* [WHAT IS REQUIRED] Reproduce word for word, from the entries below, the line with "Jurassic world dino", the line with "ROH's Opera House", and every line between them, and nothing more.

* [GIVEN ENTRIES]

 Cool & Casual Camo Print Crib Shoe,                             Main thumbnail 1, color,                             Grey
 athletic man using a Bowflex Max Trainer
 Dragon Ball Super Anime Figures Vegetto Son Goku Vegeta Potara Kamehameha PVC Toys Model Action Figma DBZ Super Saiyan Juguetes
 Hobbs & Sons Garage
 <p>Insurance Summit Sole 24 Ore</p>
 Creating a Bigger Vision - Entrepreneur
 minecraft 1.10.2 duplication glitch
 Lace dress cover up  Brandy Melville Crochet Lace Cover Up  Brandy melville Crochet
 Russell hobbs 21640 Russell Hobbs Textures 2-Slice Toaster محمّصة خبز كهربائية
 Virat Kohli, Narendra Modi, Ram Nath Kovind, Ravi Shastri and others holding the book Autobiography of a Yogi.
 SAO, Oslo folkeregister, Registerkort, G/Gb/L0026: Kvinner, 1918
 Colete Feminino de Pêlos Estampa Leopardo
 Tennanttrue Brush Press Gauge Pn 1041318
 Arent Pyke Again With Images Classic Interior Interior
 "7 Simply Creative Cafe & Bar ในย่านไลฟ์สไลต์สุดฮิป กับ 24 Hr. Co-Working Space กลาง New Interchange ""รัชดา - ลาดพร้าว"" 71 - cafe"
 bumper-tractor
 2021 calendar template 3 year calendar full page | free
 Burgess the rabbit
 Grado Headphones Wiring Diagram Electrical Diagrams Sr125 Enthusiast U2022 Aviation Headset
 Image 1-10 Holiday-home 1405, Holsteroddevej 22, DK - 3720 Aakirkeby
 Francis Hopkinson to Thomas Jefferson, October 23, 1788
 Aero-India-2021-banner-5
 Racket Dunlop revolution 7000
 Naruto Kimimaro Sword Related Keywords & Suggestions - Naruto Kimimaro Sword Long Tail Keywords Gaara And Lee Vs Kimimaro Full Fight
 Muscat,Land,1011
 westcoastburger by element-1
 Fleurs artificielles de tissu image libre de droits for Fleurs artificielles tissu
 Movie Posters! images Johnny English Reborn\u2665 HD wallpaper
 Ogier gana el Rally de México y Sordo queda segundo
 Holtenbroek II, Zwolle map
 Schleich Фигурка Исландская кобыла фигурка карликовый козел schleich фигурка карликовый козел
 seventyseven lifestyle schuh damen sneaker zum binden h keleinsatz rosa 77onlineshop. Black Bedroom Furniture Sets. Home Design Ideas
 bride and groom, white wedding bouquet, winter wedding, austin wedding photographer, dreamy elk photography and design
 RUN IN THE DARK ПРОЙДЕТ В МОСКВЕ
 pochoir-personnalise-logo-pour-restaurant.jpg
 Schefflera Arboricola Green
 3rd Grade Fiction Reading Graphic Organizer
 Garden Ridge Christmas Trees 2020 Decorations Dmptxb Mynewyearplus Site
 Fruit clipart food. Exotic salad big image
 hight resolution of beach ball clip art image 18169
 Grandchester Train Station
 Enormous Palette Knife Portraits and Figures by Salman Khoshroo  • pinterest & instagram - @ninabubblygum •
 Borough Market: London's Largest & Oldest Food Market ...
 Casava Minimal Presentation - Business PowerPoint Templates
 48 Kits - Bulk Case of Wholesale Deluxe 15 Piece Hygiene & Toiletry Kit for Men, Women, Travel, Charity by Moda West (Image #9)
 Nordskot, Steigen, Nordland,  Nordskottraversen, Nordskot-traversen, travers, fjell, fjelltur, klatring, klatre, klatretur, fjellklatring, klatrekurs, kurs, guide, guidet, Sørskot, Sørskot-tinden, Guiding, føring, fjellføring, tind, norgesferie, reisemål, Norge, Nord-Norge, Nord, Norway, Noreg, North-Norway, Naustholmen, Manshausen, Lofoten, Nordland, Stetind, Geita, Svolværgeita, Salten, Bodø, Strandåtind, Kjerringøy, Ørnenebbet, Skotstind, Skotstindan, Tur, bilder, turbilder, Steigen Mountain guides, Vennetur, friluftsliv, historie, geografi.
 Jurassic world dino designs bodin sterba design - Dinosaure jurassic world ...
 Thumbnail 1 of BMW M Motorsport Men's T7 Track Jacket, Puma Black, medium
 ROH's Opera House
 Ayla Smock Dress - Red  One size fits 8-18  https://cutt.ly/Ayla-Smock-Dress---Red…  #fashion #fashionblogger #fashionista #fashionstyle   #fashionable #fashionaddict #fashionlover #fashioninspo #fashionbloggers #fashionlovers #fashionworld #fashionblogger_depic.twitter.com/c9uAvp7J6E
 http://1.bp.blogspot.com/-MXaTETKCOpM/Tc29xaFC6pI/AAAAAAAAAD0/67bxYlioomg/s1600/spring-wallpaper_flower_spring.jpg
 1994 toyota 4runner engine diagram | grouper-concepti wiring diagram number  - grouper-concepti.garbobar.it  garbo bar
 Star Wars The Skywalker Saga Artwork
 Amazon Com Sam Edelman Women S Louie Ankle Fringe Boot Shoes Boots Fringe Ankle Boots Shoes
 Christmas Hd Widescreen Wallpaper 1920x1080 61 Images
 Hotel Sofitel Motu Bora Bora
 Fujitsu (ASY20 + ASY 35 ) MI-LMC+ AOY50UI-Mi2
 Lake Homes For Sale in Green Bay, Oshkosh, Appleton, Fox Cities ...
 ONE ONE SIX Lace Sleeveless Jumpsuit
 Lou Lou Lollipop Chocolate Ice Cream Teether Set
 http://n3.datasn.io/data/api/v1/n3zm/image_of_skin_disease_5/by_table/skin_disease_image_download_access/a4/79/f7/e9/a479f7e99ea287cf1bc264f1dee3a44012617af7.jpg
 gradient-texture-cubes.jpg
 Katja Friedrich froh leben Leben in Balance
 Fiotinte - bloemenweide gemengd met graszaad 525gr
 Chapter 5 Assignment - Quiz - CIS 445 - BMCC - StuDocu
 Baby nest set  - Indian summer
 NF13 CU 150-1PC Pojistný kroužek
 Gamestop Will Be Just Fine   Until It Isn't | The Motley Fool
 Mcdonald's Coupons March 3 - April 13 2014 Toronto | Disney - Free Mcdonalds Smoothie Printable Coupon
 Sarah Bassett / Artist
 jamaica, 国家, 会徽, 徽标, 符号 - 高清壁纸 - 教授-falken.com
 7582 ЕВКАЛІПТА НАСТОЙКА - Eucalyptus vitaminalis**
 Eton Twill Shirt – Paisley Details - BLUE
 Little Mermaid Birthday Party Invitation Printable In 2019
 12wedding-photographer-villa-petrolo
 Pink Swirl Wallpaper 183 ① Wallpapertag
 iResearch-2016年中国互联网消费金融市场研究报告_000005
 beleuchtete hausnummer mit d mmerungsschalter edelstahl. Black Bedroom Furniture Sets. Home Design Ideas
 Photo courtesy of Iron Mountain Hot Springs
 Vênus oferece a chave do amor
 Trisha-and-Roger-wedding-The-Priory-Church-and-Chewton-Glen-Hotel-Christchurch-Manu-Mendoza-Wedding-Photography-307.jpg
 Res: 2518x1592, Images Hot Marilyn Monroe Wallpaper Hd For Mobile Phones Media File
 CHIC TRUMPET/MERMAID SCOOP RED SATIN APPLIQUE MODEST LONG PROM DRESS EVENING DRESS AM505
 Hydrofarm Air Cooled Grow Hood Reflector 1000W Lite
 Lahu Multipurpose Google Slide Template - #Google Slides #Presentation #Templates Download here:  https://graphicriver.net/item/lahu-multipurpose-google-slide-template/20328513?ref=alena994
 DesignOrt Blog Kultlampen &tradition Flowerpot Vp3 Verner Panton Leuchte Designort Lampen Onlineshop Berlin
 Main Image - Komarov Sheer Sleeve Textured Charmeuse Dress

* [SOLUTION TO THIS TASK]
 Jurassic world dino designs bodin sterba design - Dinosaure jurassic world ...
 Thumbnail 1 of BMW M Motorsport Men's T7 Track Jacket, Puma Black, medium
 ROH's Opera House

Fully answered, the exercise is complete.